Roger Dueso se enfada. Los tiroteos y los muertos ponen nerviosa a la gente. ¿Dónde se ha metido la chica?
Wendy se ha quedado fuera, más trastornada por su disgusto personal que por el jaleo que la rodea. Mira al hombre del suelo y no sabe qué hacer. Piensa que ha llegado demasiado tarde, que la policía siempre llega demasiado tarde, que Wendy Aguilar está de sobra en todas partes.
Mantiene a los jóvenes a distancia, «apartaos, apartaos, por favor», y se abre paso hacia el coche, donde hay cinta de plástico para delimitar el lugar de los hechos.
Es entonces cuando sus ojos tropiezan con la mirada asustada de una niña.
Una niña de cara sucia y expresión alerta, que se encoge entre dos contenedores de basuras, como si la presencia policial la intimidara.
Cualquier policía sabe interpretar un gesto preventivo como éste.
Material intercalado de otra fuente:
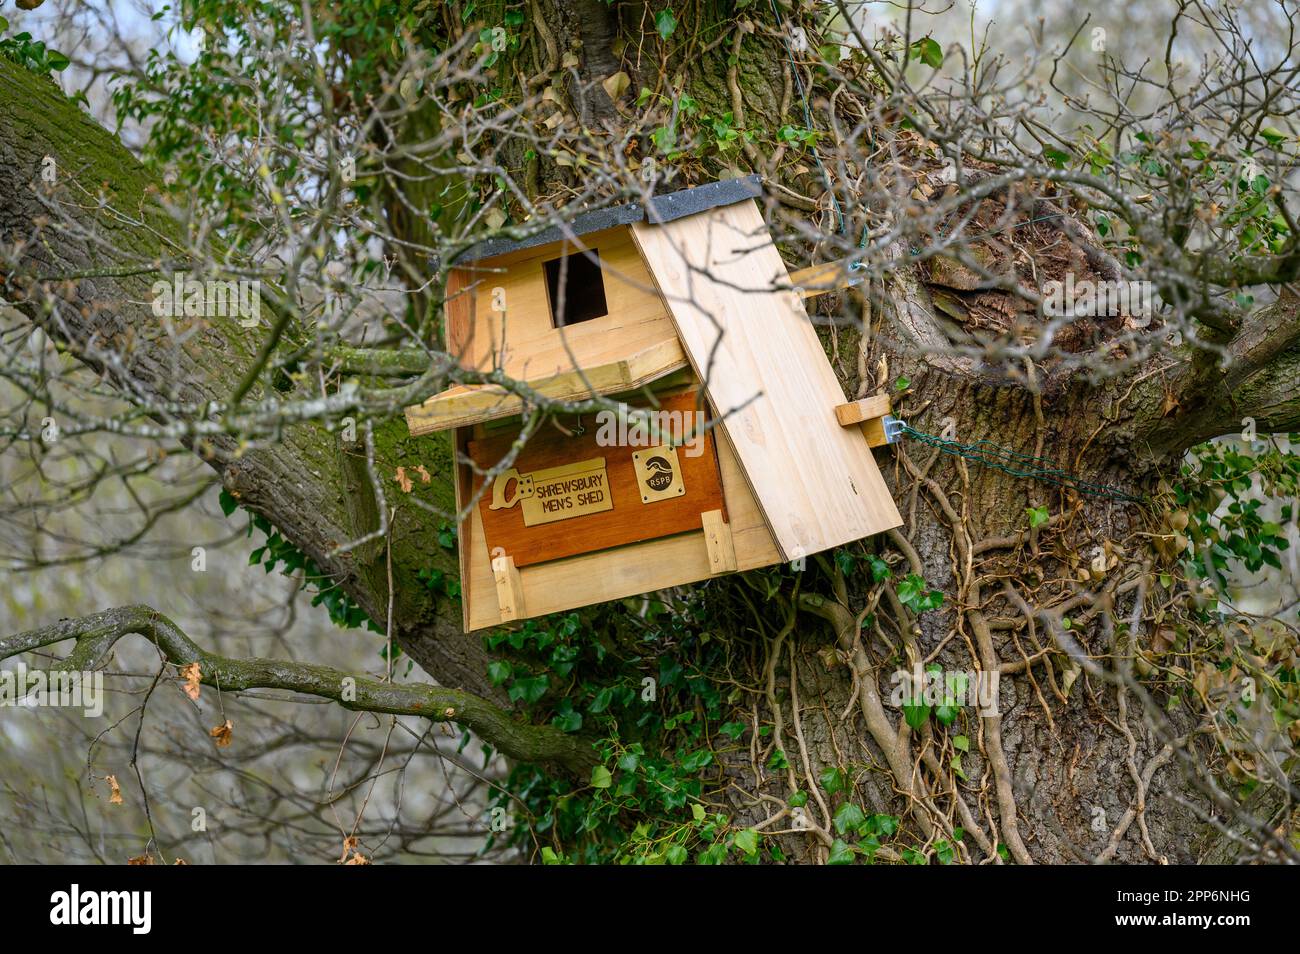 Badly erected, wooden owl nest box in a large tree on the edge of a field. Stock Photo

Es como un grito, como un tartamudeo, como un sobresalto, una manifestación de culpabilidad.
Wendy exclama: «¡Eh!».
La niña da media vuelta, se abre paso entre los dos contenedores y echa a correr.
Wendy aparta a los jóvenes curiosos que se interponen y no entienden nada de lo que ocurre, y la sigue.
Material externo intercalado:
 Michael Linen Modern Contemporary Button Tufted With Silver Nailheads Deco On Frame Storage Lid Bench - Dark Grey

Vía Augusta allá, a toda velocidad las dos.
Una niña de ocho años puede ir mucho más deprisa de lo que pensamos. Sobre todo, si es culpable.
Roger sale de la casa, no ve a Wendy. La llama, «¡Wendy! ¿Dónde coño te has metido, Wendy?». Baja las escaleras.
Uno de los jóvenes le dice:
–Se ha ido corriendo.
Roger ya se imagina a una Wendy llorosa, apabullada por la conversación que han mantenido al venir hacia aquí. «¡Estoy enamorado de otra mujer!», ¡tachán! ¡Drama! Estas palabras, valientes y contundentes, han tenido que romper el corazón de la chica que ha salido corriendo para soltar el llanto más desconsolado en la intimidad. Como Roger siempre ha dicho, en las mujeres los sentimientos siempre son más poderosos que la profesionalidad. Eso es lo que piensa Roger Dueso, e inmediatamente dice con desdén «¡Mujeres!» antes de sacar del interior del coche la cinta de plástico para preservar la escena del crimen.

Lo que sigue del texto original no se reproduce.